Credit Card MIDI Synth


Tim Jacobs created this simplified version of a Stylophone, it is put together on a credit card sized PCB. The Stylophone was invented in 1967 by Brain Jarvis and could be consider the forerunner of the portable keyboards and possibly the synthesizer.

This is not a replacement for an commercial keyboard but my interest was piqued as it involved electronics as well as music. I am not a musician by any means although I have a good understanding of music theory, I just don’t have any rhythm. Early on I found that without rhythm, I could play a song note for note and it wouldn’t sound right. I do still play around with my guitar but you wouldn’t want to listen.

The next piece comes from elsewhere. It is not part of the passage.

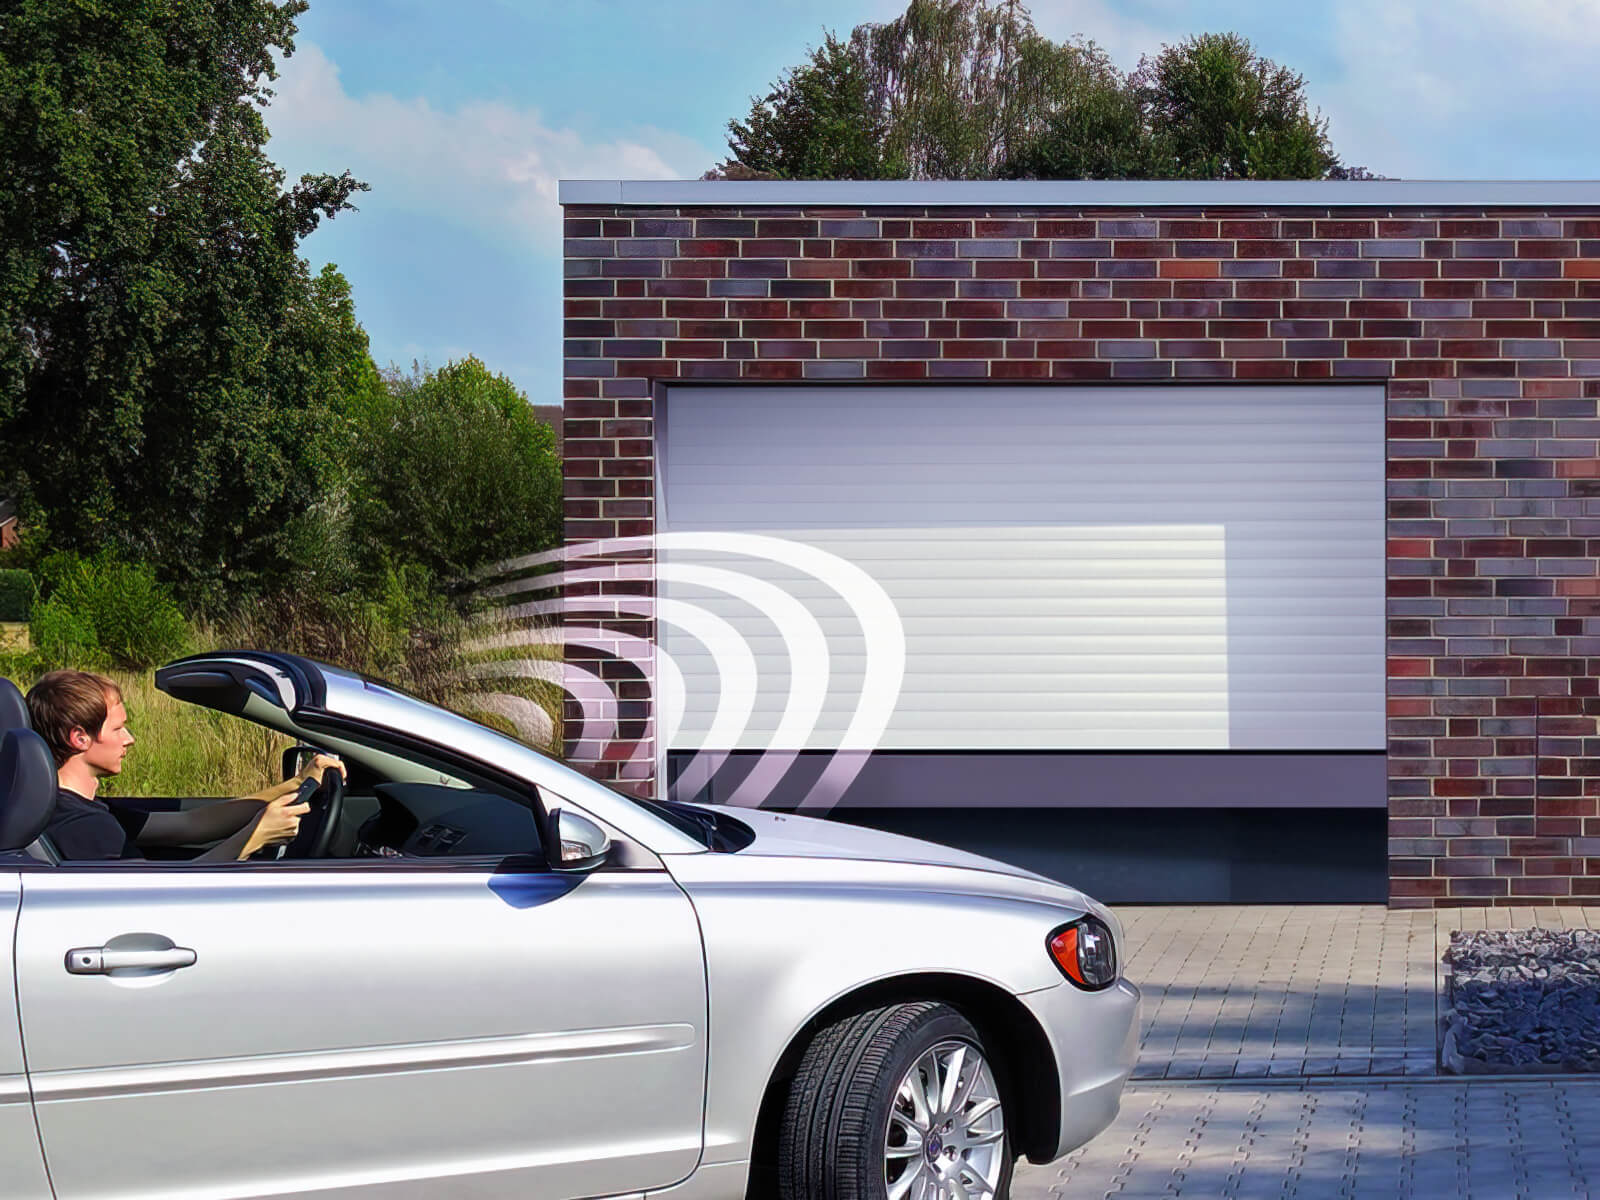 Professional Exeter Electric Garage Door Automation company

The Stylophone is a small box device with a metallic keyboard which is activated when a stylist touches the keys. The connection completes a circuit generating a waveform using a voltage controlled oscillator (VCO). The waveform is changed with each key as every key is connected in series with a different value resistor. By changing the resistance, the voltage provided to the VCO is also changed resulting in a changed time constant.

In essence the waveform is created by connecting a capacitor and a resistor in parallel. When power is applied, the capacitor will charge. Once the power is removed the power stored in the capacitor will discharge through the resistor. A lower resistance will discharge the capacitor faster and conversely a higher resistance will discharge the capacitor at a slower rate. Connecting a sense line to the RC circuit will produce a waveform. The waveform determined by the value of the capacitor and the value of the resistor will be at a certain frequency. The frequency of the waveform determines the pitch of the note.